Understanding CNN Architecture

A Complete Visual Walkthrough

A comprehensive guide to understanding how Convolutional Neural Networks process images

OverviewArchitectureProcessKey Insights


Overview

This guide walks through how a CNN processes a single image (224×224×3) from input to output, breaking down each component with practical insights and real-world understanding.

What You'll Learn:

  • How convolutional layers extract features
  • The relationship between filter dimensions and input depth
  • How pooling reduces spatial dimensions
  • The complete flow from pixels to predictions

Architecture Breakdown

Input Specifications

Image Dimensions: 224 × 224 × 3
    ├── Height: 224 pixels
    ├── Width: 224 pixels
    └── Channels: 3 (RGB)

Network Flow

Input (224×224×3)
    ↓
Conv Layer 1 (64 filters, 3×3×3)
    ↓
ReLU Activation
    ↓
Max Pooling (2×2)
    ↓
Conv Layer 2 (128 filters, 3×3×64)
    ↓
ReLU Activation
    ↓
Max Pooling (2×2)
    ↓
Flatten
    ↓
Fully Connected Layers
    ↓
Output (Softmax/Sigmoid)

Step-by-Step Process

Step 1: Input Image Representation

A colored input image is provided.
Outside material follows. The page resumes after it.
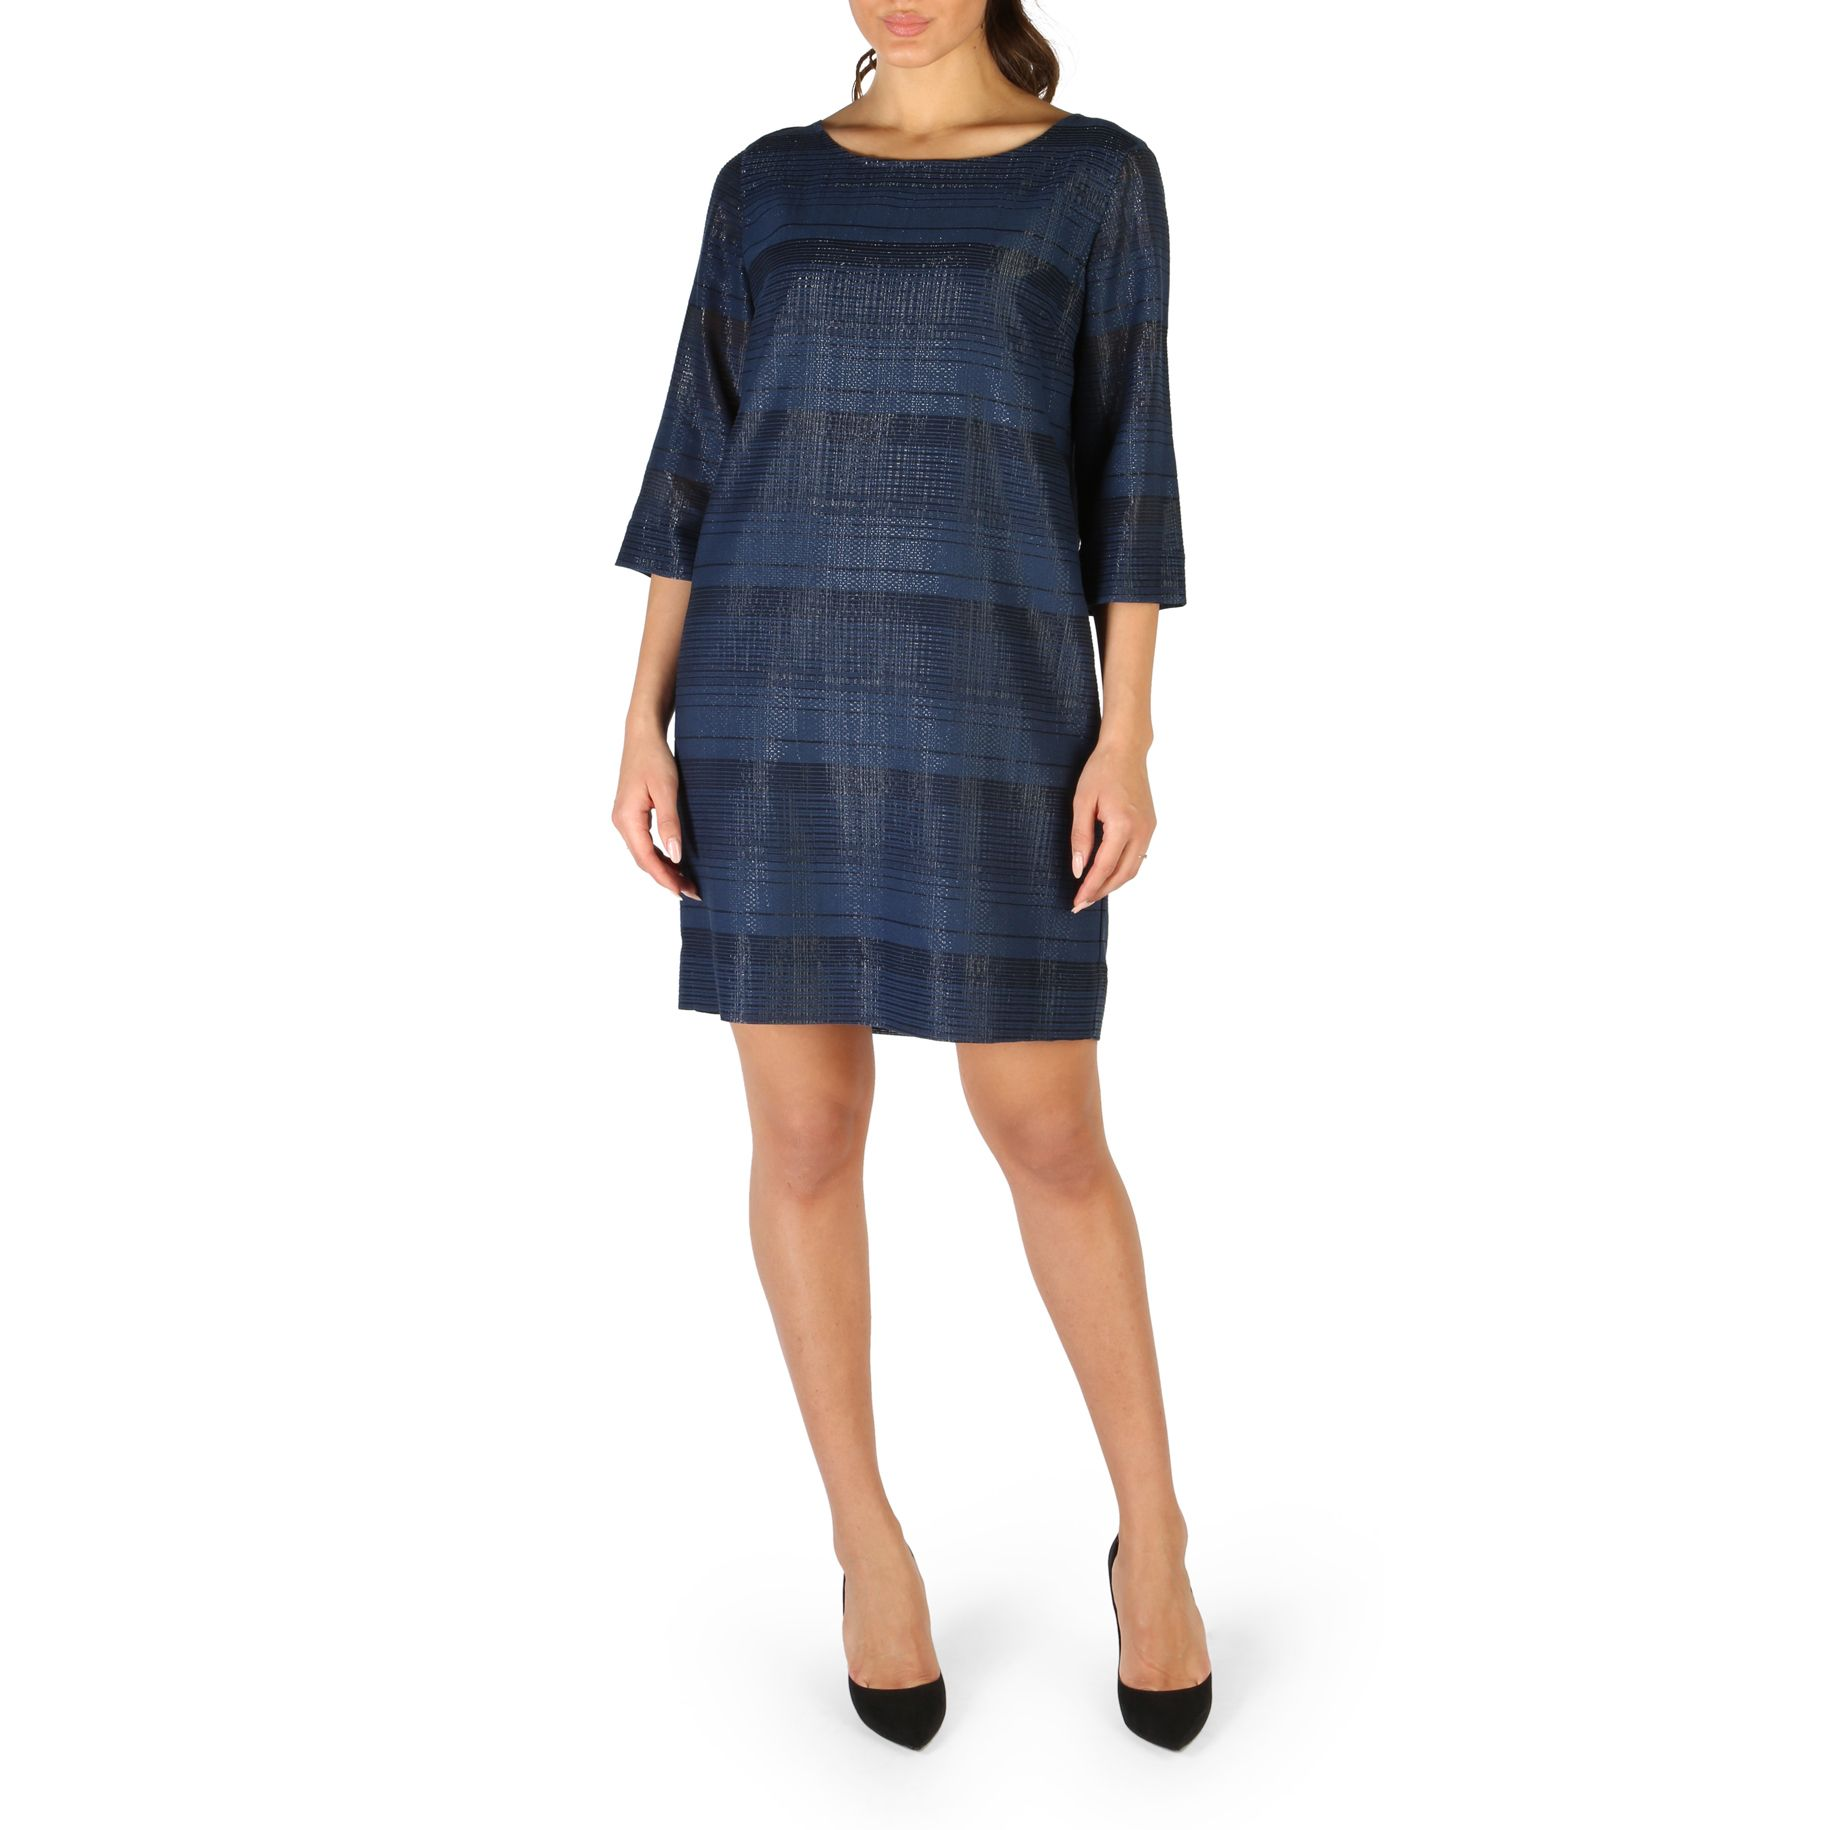 Fontana 2.0 Womens Dresses
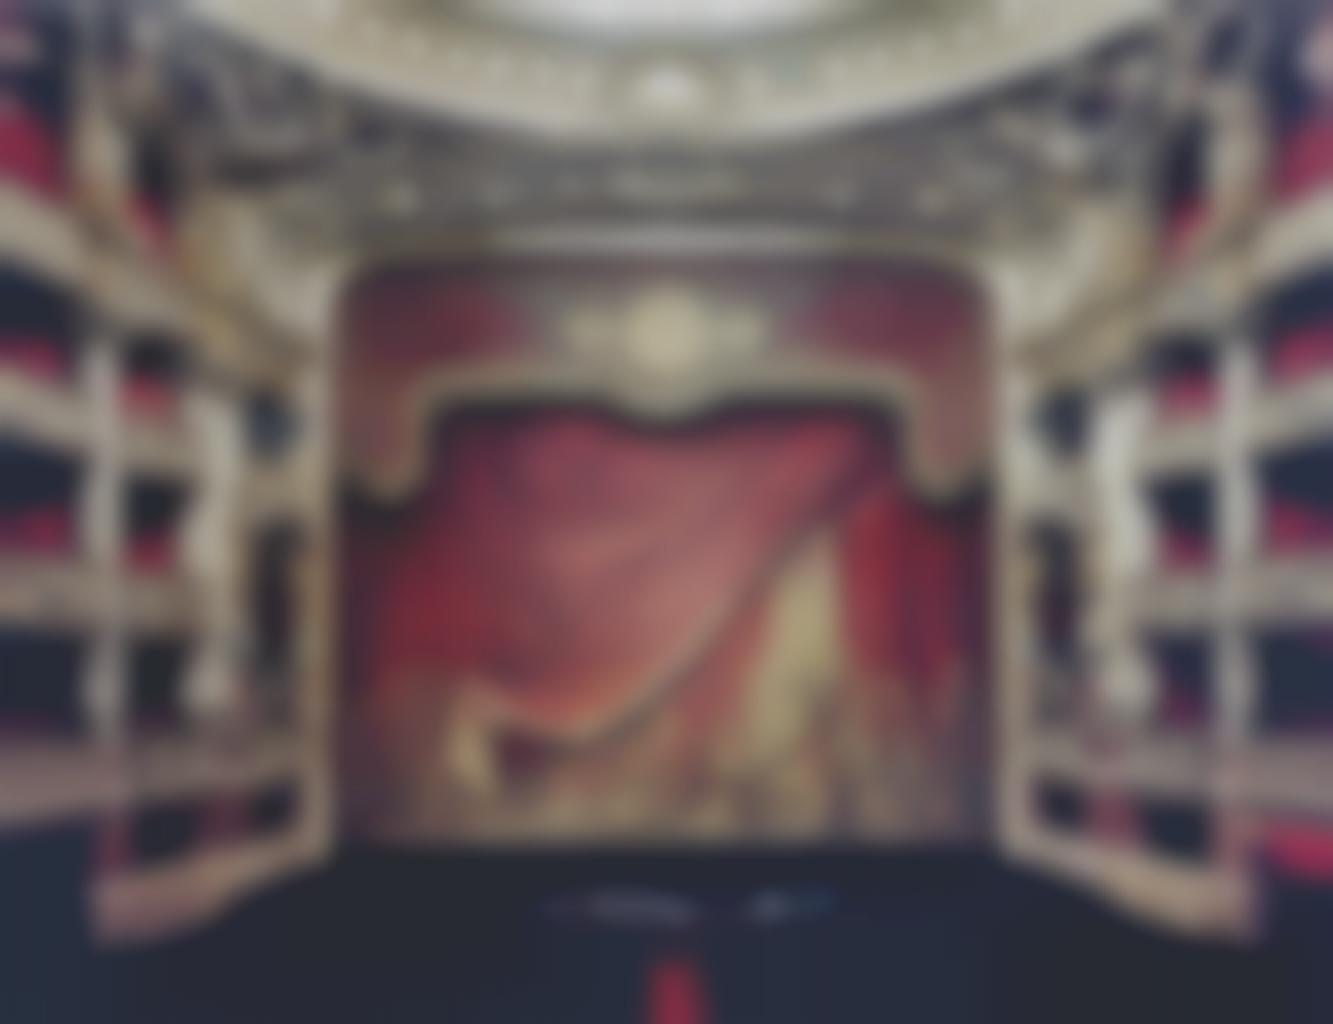 Candida Hofer-Palais Garnier, Paris XXXI-2005

The image is already in pixel values — that's how machines read images. Since it's a colored image, it has 3 channels for RGB.


Step 2: Filter Initialization

We have randomly initialized weights for our filters/kernels. Let's say we start with 64 filters. Each filter will learn to detect different patterns during training.

Important: We don't manually assign what each filter should look for, but we do decide:

  • How many filters we want
  • What their dimensions should be

Step 3: Forward Propagation Begins

The input starts moving through the network. This is where the feature extraction begins.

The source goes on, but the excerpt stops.